== Exercise goal ==
Everything in the data below is left aside except the lines from the one containing "Round Straw Bag" through the one containing "Devil Saw Me"; repeat those exactly.

*** Opening Supplied entries ***

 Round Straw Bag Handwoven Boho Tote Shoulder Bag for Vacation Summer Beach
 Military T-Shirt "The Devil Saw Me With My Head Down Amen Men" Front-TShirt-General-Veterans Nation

*** Closing Supplied entries ***
*** Opening Supplied entries ***

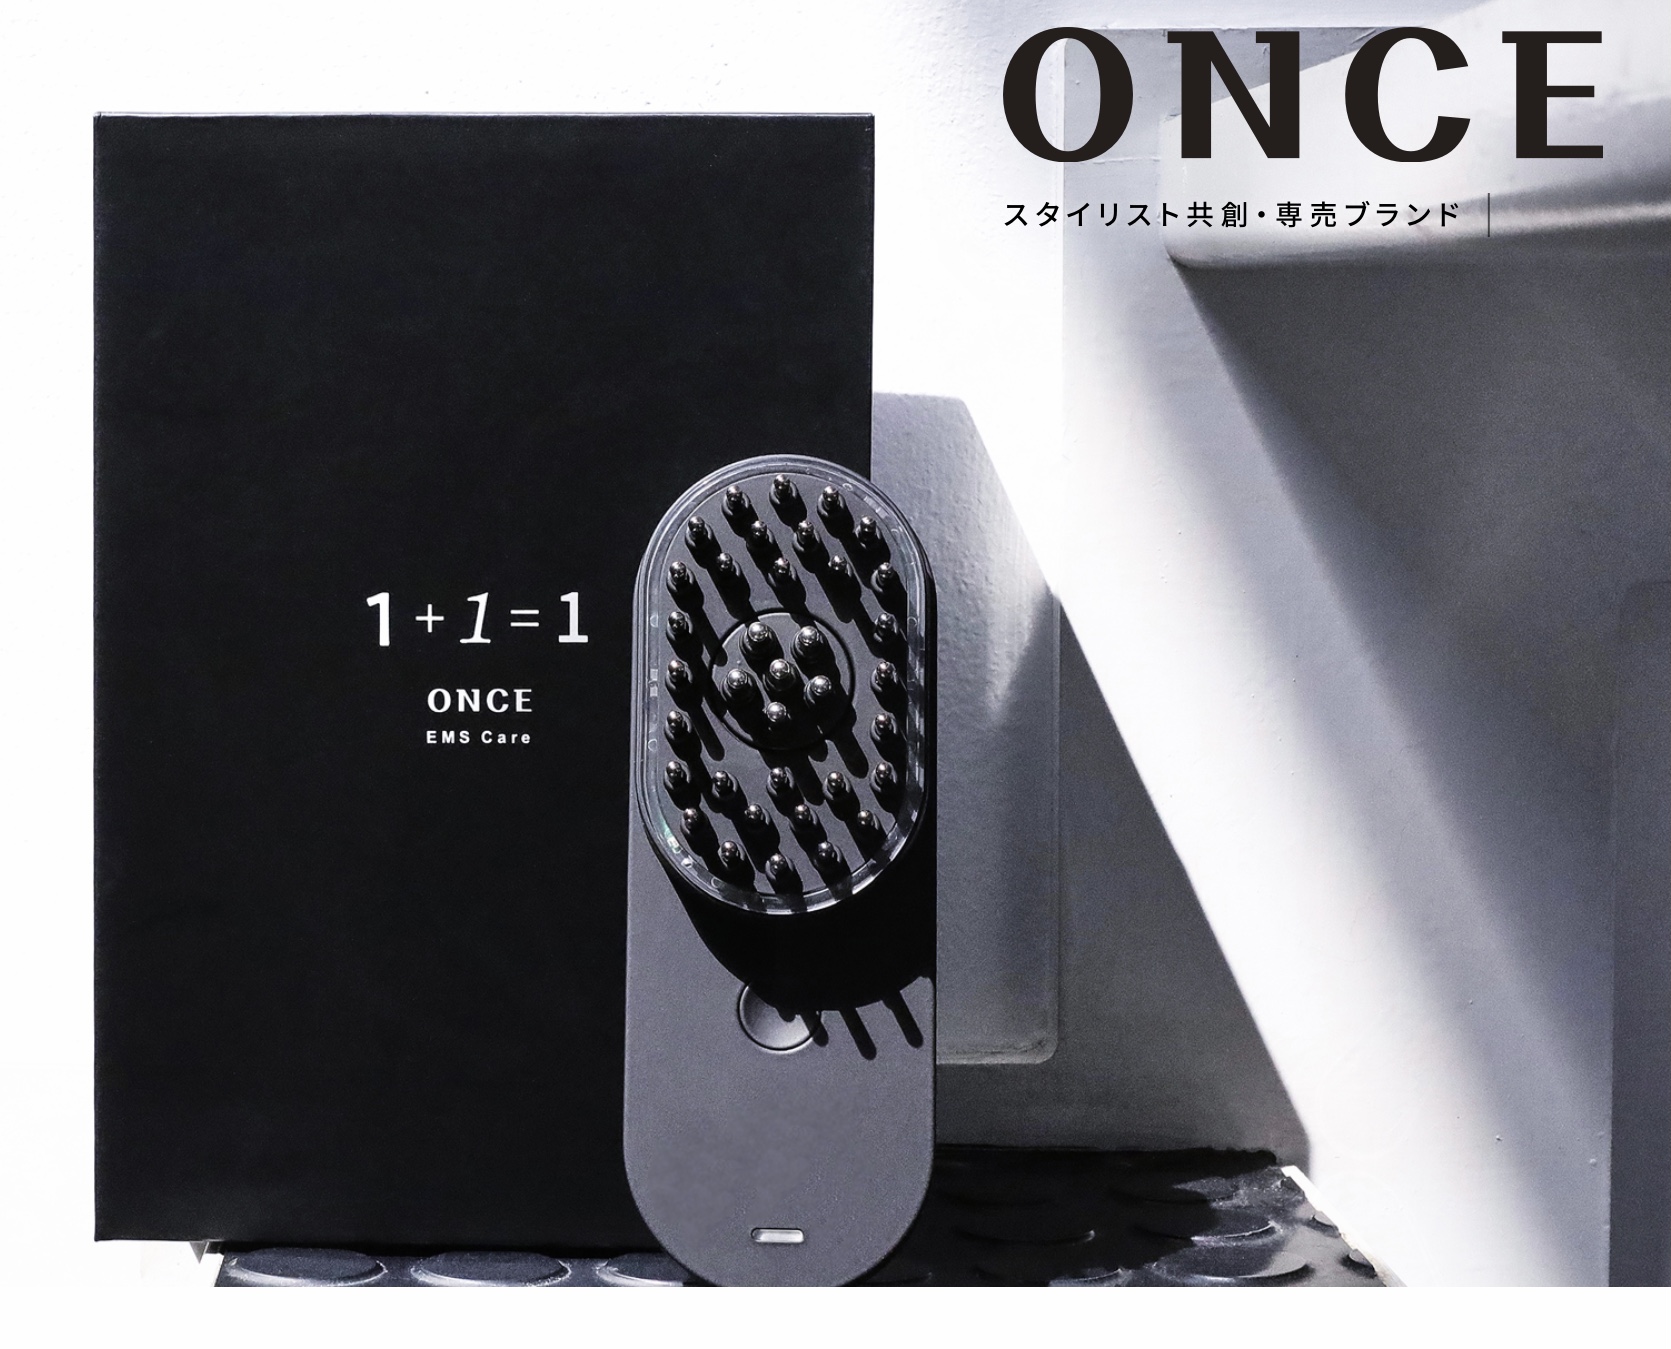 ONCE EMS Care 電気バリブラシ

*** Closing Supplied entries ***
*** Opening Supplied entries ***

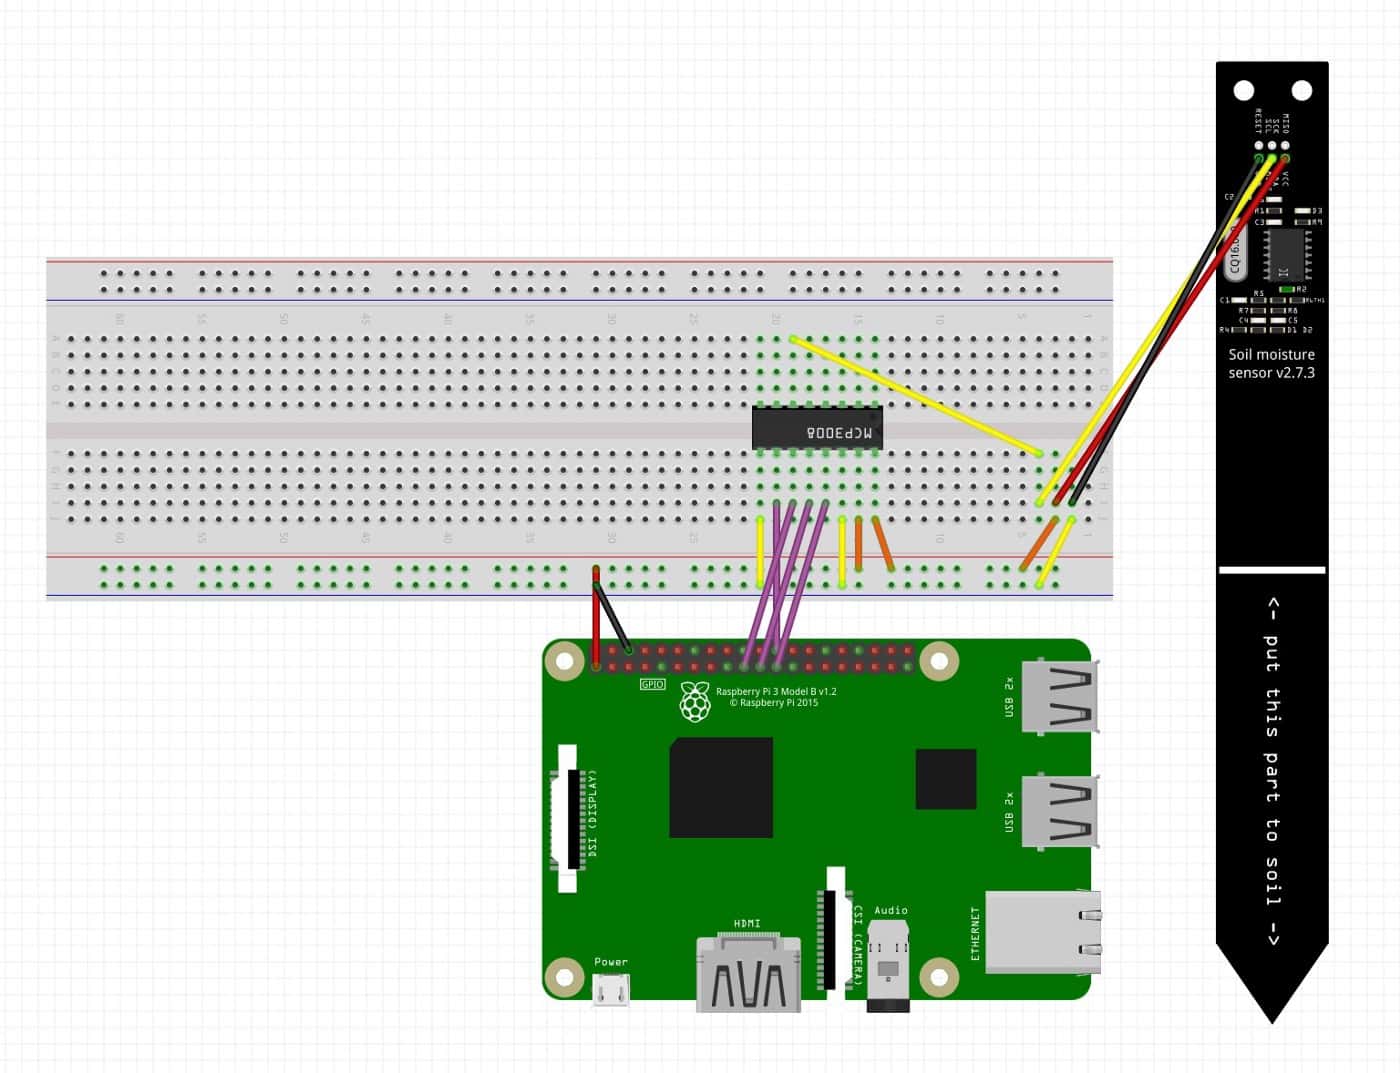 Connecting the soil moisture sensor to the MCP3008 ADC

*** Closing Supplied entries ***

== Final answer ==
 Round Straw Bag Handwoven Boho Tote Shoulder Bag for Vacation Summer Beach
 Military T-Shirt "The Devil Saw Me With My Head Down Amen Men" Front-TShirt-General-Veterans Nation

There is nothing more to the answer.